Sanromán-Junquera Margarita, Mora-Jiménez Inmaculada, Almendral Jesús, García-Alberola Arcadio, Rojo-Álvarez José Luis
Department of Signal Theory and Communications, Telematics and Computing, Universidad Rey Juan Carlos, Fuenlabrada 28943, Spain.
Arrhythmia Unit, Hospital Madrid Montepríncipe, Boadilla del Monte 28660, Spain.
PLoS One. 2015 Apr 24;10(4):e0124514. doi: 10.1371/journal.pone.0124514. eCollection 2015.
Electrograms stored in Implantable Cardioverter Defibrillators (ICD-EGM) have been proven to convey useful information for roughly determining the anatomical location of the Left Ventricular Tachycardia exit site (LVTES). Our aim here was to evaluate the possibilities from a machine learning system intended to provide an estimation of the LVTES anatomical region with the use of ICD-EGM in the situation where 12-lead electrocardiogram of ventricular tachycardia are not available. Several machine learning techniques were specifically designed and benchmarked, both from classification (such as Neural Networks (NN), and Support Vector Machines (SVM)) and regression (Kernel Ridge Regression) problem statements. Classifiers were evaluated by using accuracy rates for LVTES identification in a controlled number of anatomical regions, and the regression approach quality was studied in terms of the spatial resolution. We analyzed the ICD-EGM of 23 patients (18±10 EGM per patient) during left ventricular pacing and simultaneous recording of the spatial coordinates of the pacing electrode with a navigation system. Several feature sets extracted from ICD-EGM (consisting of times and voltages) were shown to convey more discriminative information than the raw waveform. Among classifiers, the SVM performed slightly better than NN. In accordance with previous clinical works, the average spatial resolution for the LVTES was about 3 cm, as in our system, which allows it to support the faster determination of the LVTES in ablation procedures. The proposed approach also provides with a framework suitable for driving the design of improved performance future systems.

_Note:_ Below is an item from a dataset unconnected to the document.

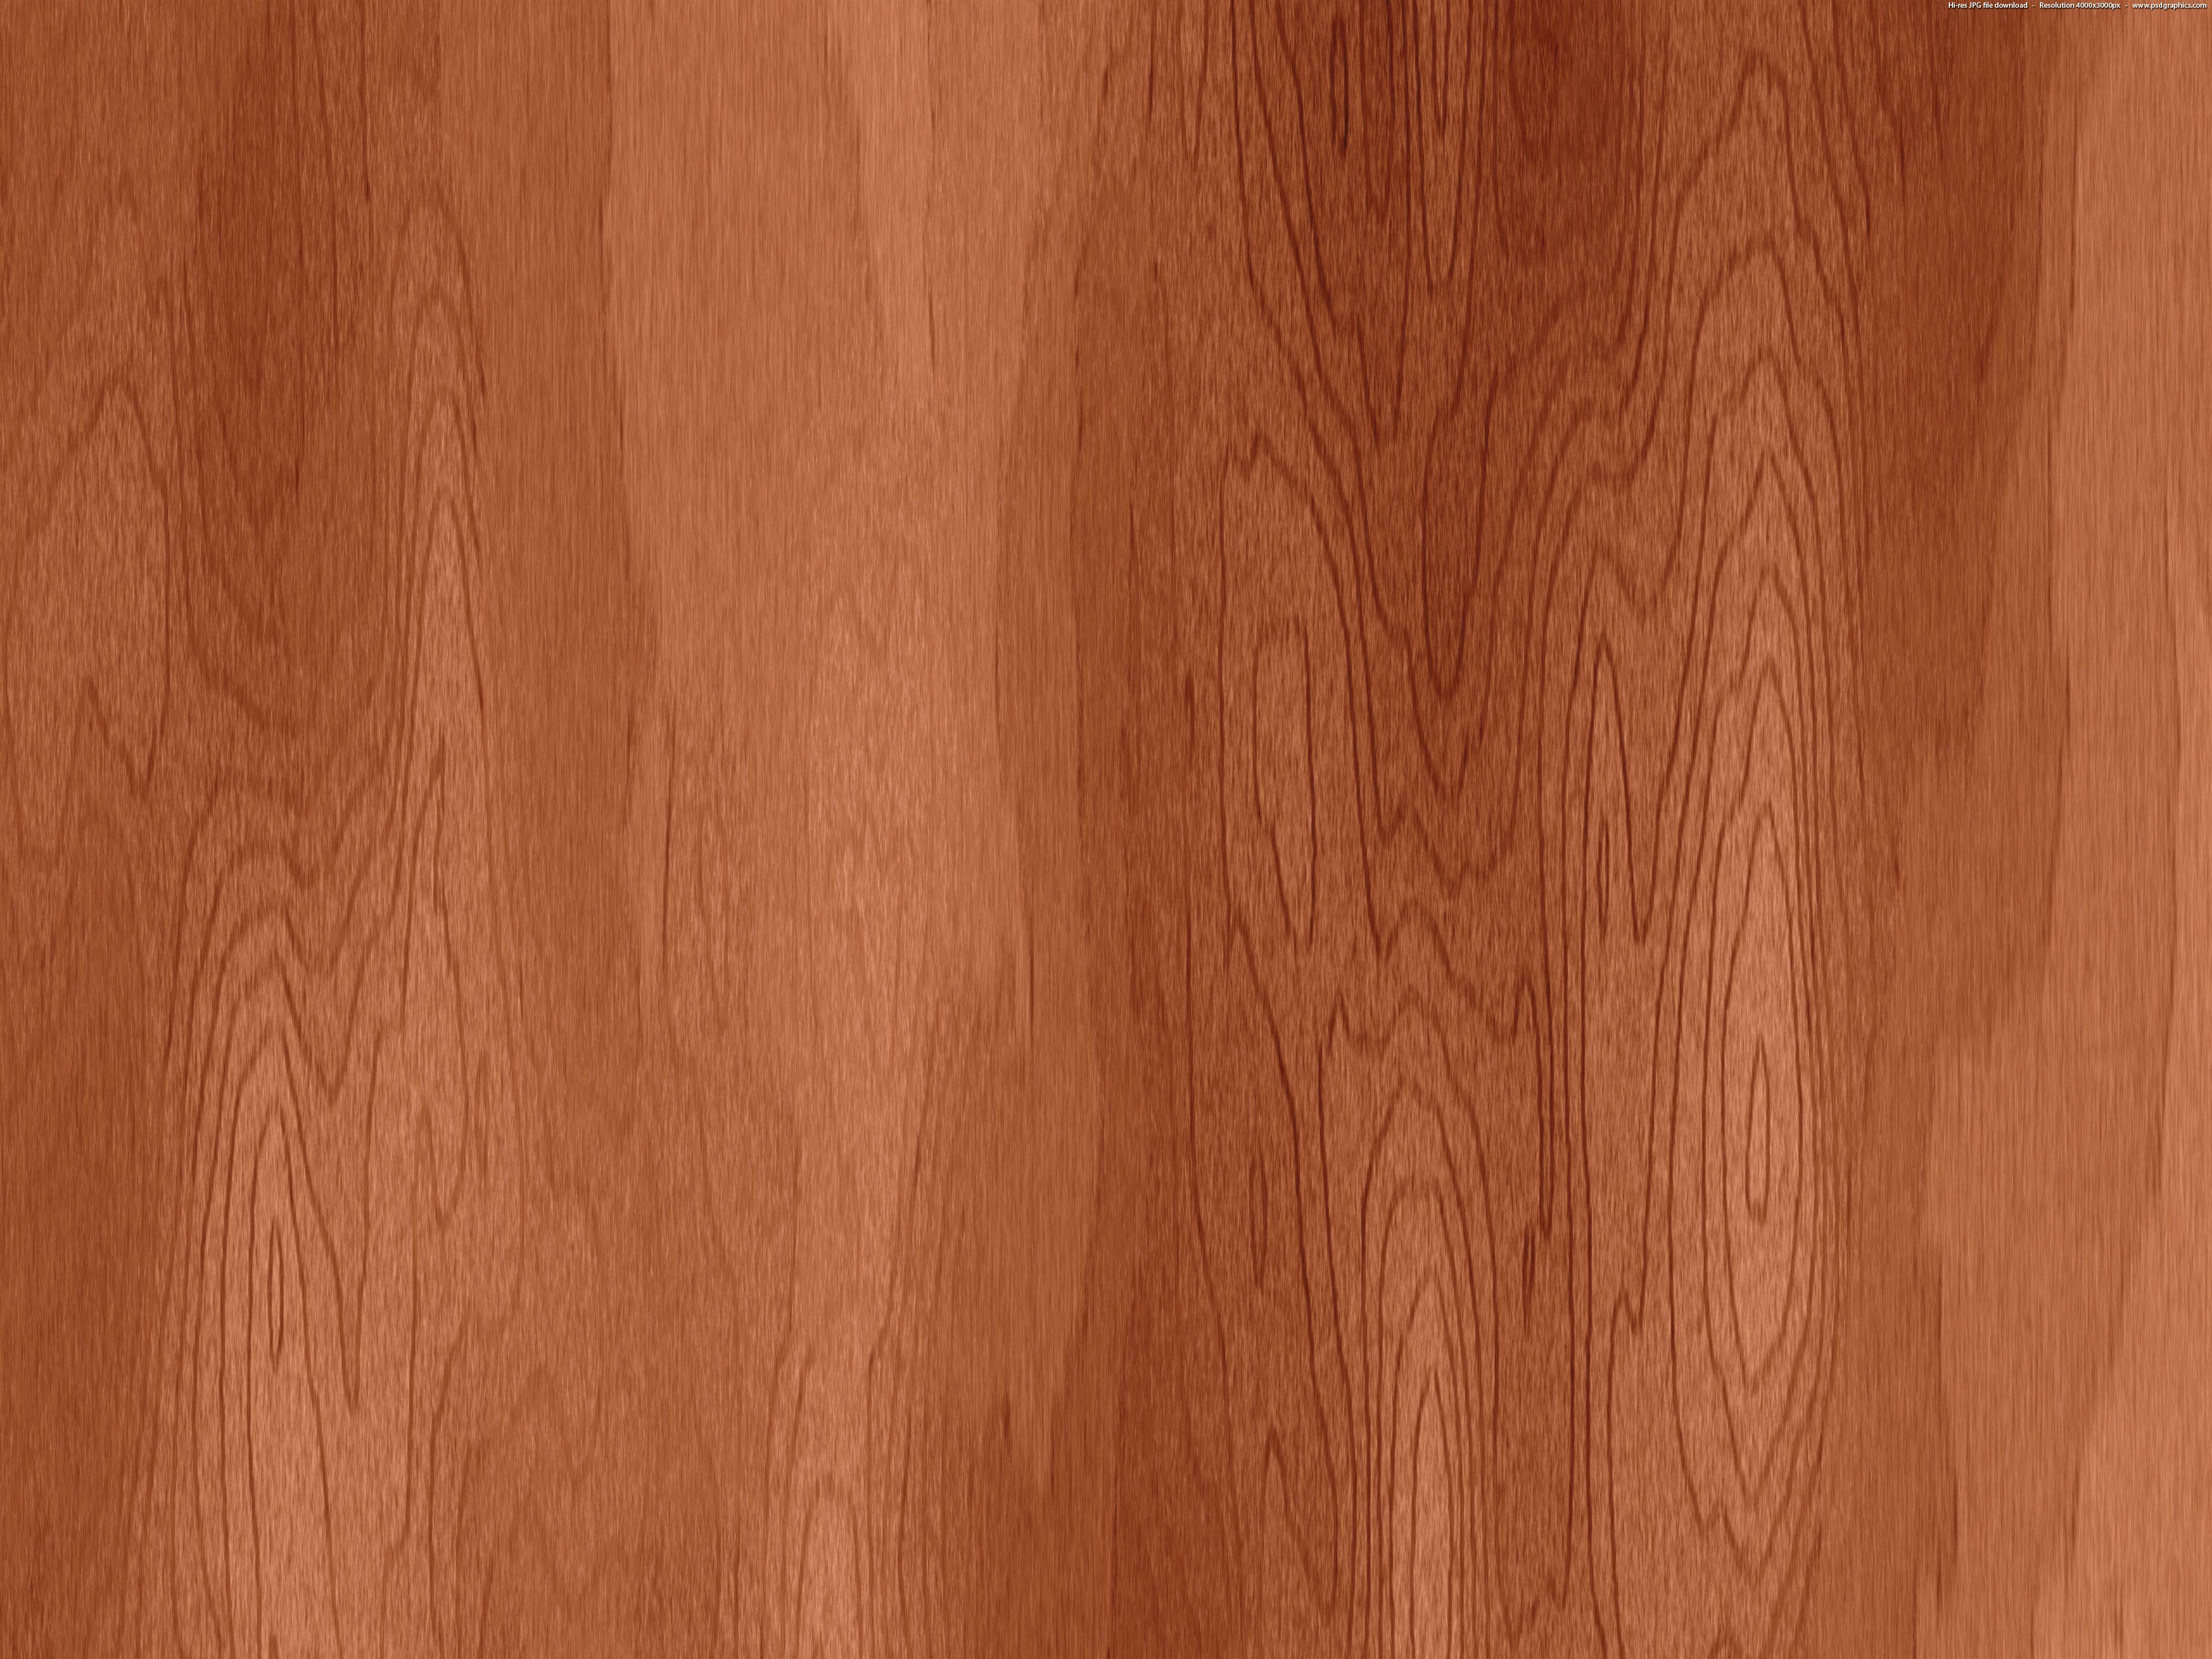 Wooden Floor Texture Dark Wood Texture Brown Wooden

植入式心脏复律除颤器(ICD-EGM)中存储的心电图已被证明能传达有用信息,用于大致确定左室性心动过速出口部位(LVTES)的解剖位置。我们的目的是评估一种机器学习系统的可能性,该系统旨在在无法获得室性心动过速的12导联心电图的情况下,利用ICD-EGM提供LVTES解剖区域的估计。专门设计并对几种机器学习技术进行了基准测试,包括分类(如神经网络(NN)和支持向量机(SVM))和回归(核岭回归)问题陈述。通过在可控数量的解剖区域中使用LVTES识别准确率来评估分类器,并从空间分辨率方面研究回归方法的质量。我们分析了23例患者在左心室起搏期间的ICD-EGM(每位患者18±10份EGM),并同时使用导航系统记录起搏电极的空间坐标。从ICD-EGM(由时间和电压组成)中提取的几个特征集显示比原始波形传达了更多的判别信息。在分类器中,SVM的表现略优于NN。与先前的临床研究一致,在我们的系统中,LVTES的平均空间分辨率约为3厘米,这使得它能够支持在消融手术中更快地确定LVTES。所提出的方法还提供了一个适合推动未来高性能系统设计的框架。